%%

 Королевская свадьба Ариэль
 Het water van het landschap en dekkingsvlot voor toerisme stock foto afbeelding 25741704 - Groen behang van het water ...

%%
%%

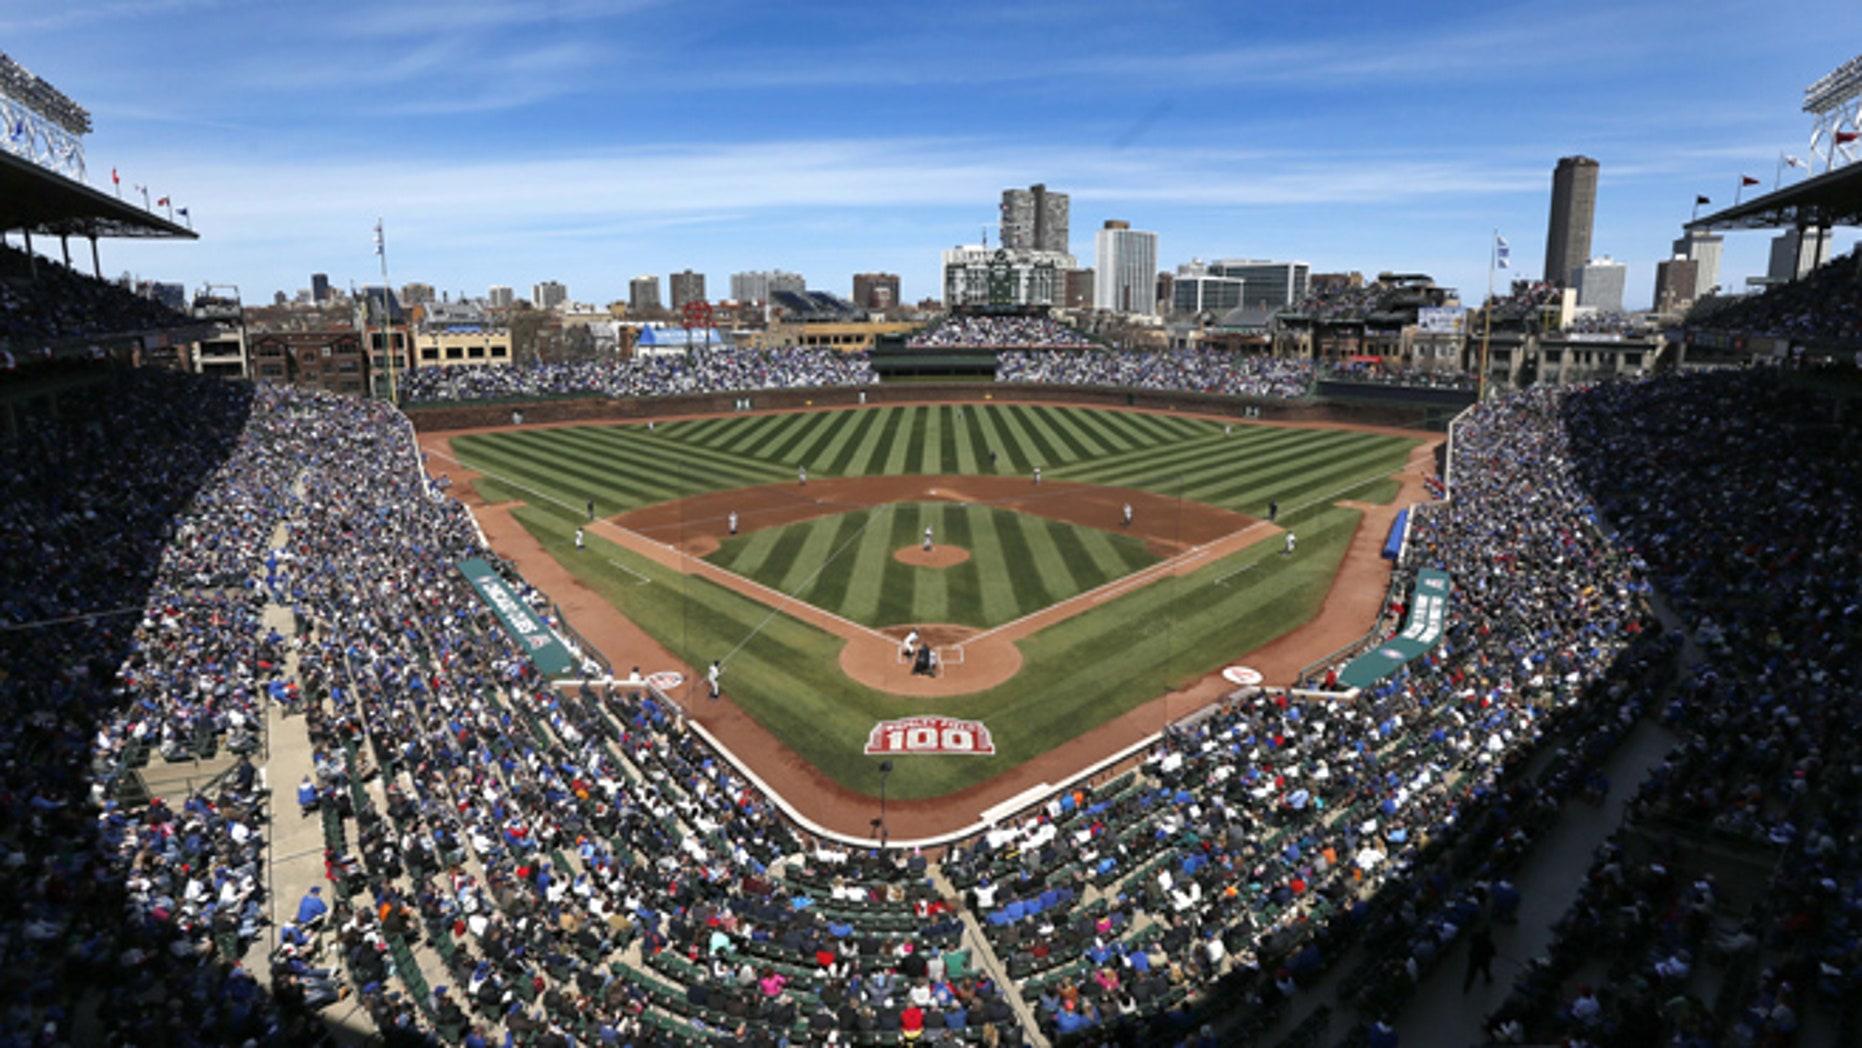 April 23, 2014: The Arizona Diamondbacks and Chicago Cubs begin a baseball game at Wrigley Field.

%%

→ Exercise
Return the span of lines in the data above that opens at the line with "Королевская свадьба Ариэль" and closes at the line with "Het water van", exactly, ends included, nothing else.

→ Exercise answer
 Королевская свадьба Ариэль
 Het water van het landschap en dekkingsvlot voor toerisme stock foto afbeelding 25741704 - Groen behang van het water ...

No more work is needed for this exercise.